A highly pathogenic strain of H5N9 caused a minor flu outbreak in 1966 in Ontario and Manitoba, Canada in turkeys.[58]
H7N2
One person in New York in 2003, and one person in Virginia in 2002, were found to have serologic evidence of infection with H7N2.[citation needed] Both fully recovered.[59][failed verification]
H7N3
In North America, the presence of avian influenza strain H7N3 was confirmed at several poultry farms in British Columbia in February 2004. As of April 2004, 18 farms had been quarantined to halt the spread of the virus. Two cases of humans with avian influenza have been confirmed in that region. "Symptoms included conjunctivitis and mild influenza-like illness."[60] Both fully recovered.
H7N7
H7N7 has unusual zoonotic potential. In 2003 in the Netherlands, 89 people were confirmed to have H7N7 influenza virus infection following an outbreak in poultry on several farms. One death was recorded.
H7N9
On 2 April 2013, the Centre for Health Protection (CHP) of the Department of Health of Hong Kong confirmed four more cases in Jiangsu province in addition to the three cases initially reported on 31 March 2013.[61] This virus also has the greatest potential for an influenza pandemic among all of the Influenza A subtypes.[62]
H9N2
Low pathogenic avian influenza A (H9N2) infection was confirmed in 1999, in China and Hong Kong in two children, and in 2003 in Hong Kong in one child. All three fully recovered.[59][failed verification]
H10N7
In 2004, in Egypt, H10N7 was reported for the first time in humans. It caused illness in two infants in Egypt. One child’s father was a poultry merchant.[63]

H10N3


In May 2021, in Zhenjiang, China H10N3 was reported for the first time in humans. One person was infected.[64]

Evolution

Genetic evolution of human and swine influenza viruses, 1918–2009

According to Jeffery Taubenberger:[65]

All influenza A pandemics since [the Spanish flu pandemic], and indeed almost all cases of influenza A worldwide (excepting human infections from avian viruses such as H5N1 and H7N7), have been caused by descendants of the 1918 virus, including "drifted" H1N1 viruses and reassorted H2N2 and H3N2 viruses. The latter are composed of key genes from the 1918 virus, updated by subsequently incorporated avian influenza genes that code for novel surface proteins, making the 1918 virus indeed the "mother" of all pandemics.

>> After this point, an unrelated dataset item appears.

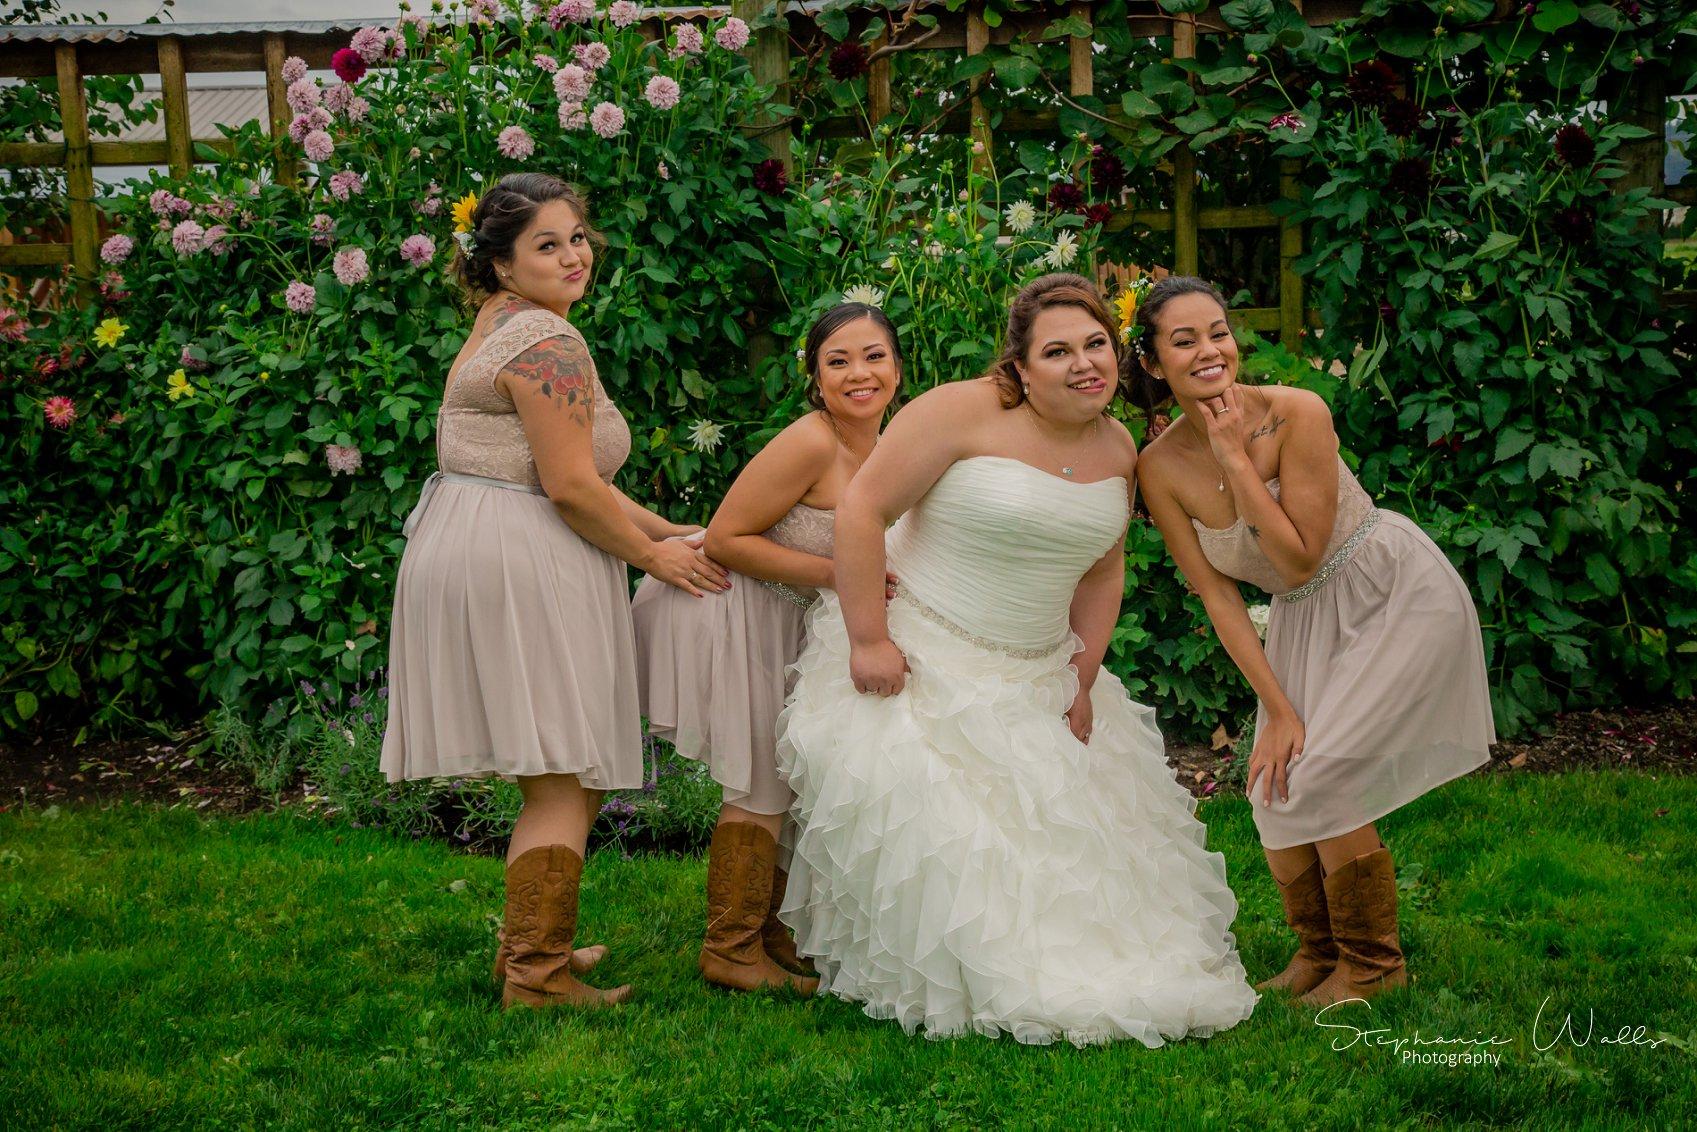 Kimble Wedding 077 1 Marlena & Allans | Snohomish Red Barn Events (Stocker Farms) | Snohomish, Wa Wedding Photographer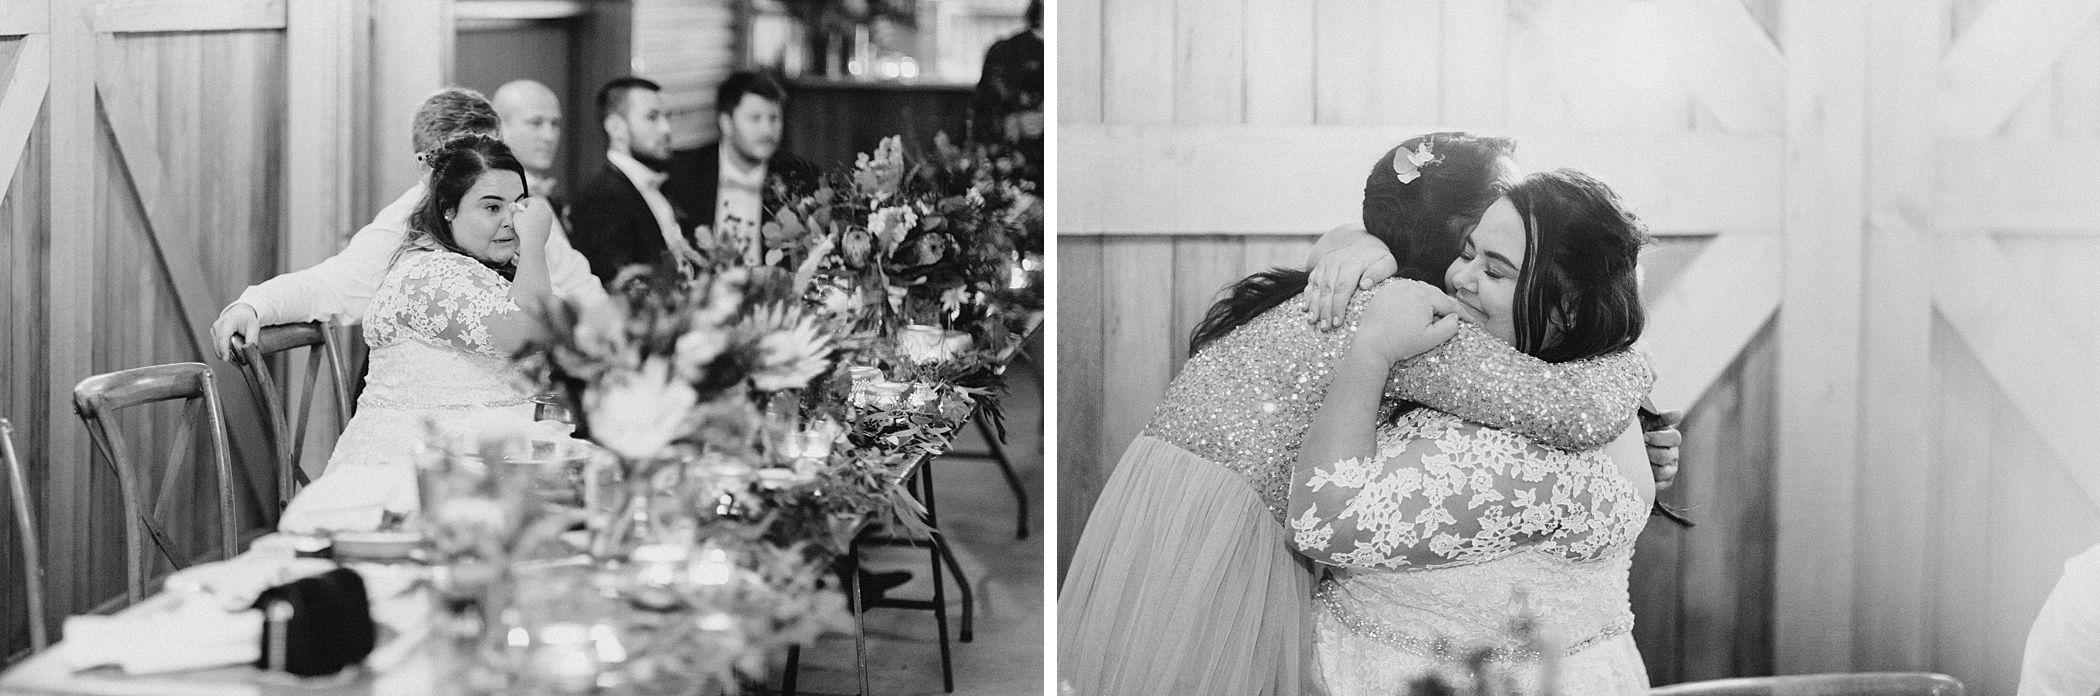 lauren-anne-photography-newcastle-hunter-valley-wedding-photographer_1265.jpg

Researchers from the National Institutes of Health used data from the Influenza Genome Sequencing Project and concluded that during the ten-year period examined, most of the time the hemagglutinin gene in H3N2 showed no significant excess of mutations in the antigenic regions while an increasing variety of strains accumulated. This resulted in one of the variants eventually achieving higher fitness, becoming dominant, and in a brief interval of rapid evolution, rapidly sweeping through the population and eliminating most other variants.[66]

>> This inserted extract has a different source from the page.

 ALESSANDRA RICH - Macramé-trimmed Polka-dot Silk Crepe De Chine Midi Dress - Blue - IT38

In the short-term evolution of influenza A virus, a 2006 study found that stochastic, or random, processes are key factors.[67] Influenza A virus HA antigenic evolution appears to be characterized more by punctuated, sporadic jumps as opposed to a constant rate of antigenic change.[68] Using phylogenetic analysis of 413 complete genomes of human influenza A viruses that were collected throughout the state of New York, the authors of Nelson et al. 2006 were able to show that genetic diversity, and not antigenic drift, shaped the short-term evolution of influenza A via random migration and reassortment. The evolution of these viruses is dominated more by the random importation of genetically different viral strains from other geographic locations and less by natural selection. Within a given season, adaptive evolution is infrequent and had an overall weak effect as evidenced from the data gathered from the 413 genomes. Phylogenetic analysis revealed the different strains were derived from newly imported genetic material as opposed to isolates that had been circulating in New York in previous seasons. Therefore, the gene flow in and out of this population, and not natural selection, was more important in the short term.[citation needed]

Other animals

See H5N1 for the current[when?] epizootic (an epidemic in nonhumans) and panzootic (a disease affecting animals of many species especially over a wide area) of H5N1 influenza
Avian influenza
Main page: Biology:Avian influenza

Fowl act as natural asymptomatic carriers of influenza A viruses. Prior to the current[when?] H5N1 epizootic, strains of influenza A virus had been demonstrated to be transmitted from wildfowl to only birds, pigs, horses, seals, whales and humans; and only between humans and pigs and between humans and domestic fowl; and not other pathways such as domestic fowl to horse.[69]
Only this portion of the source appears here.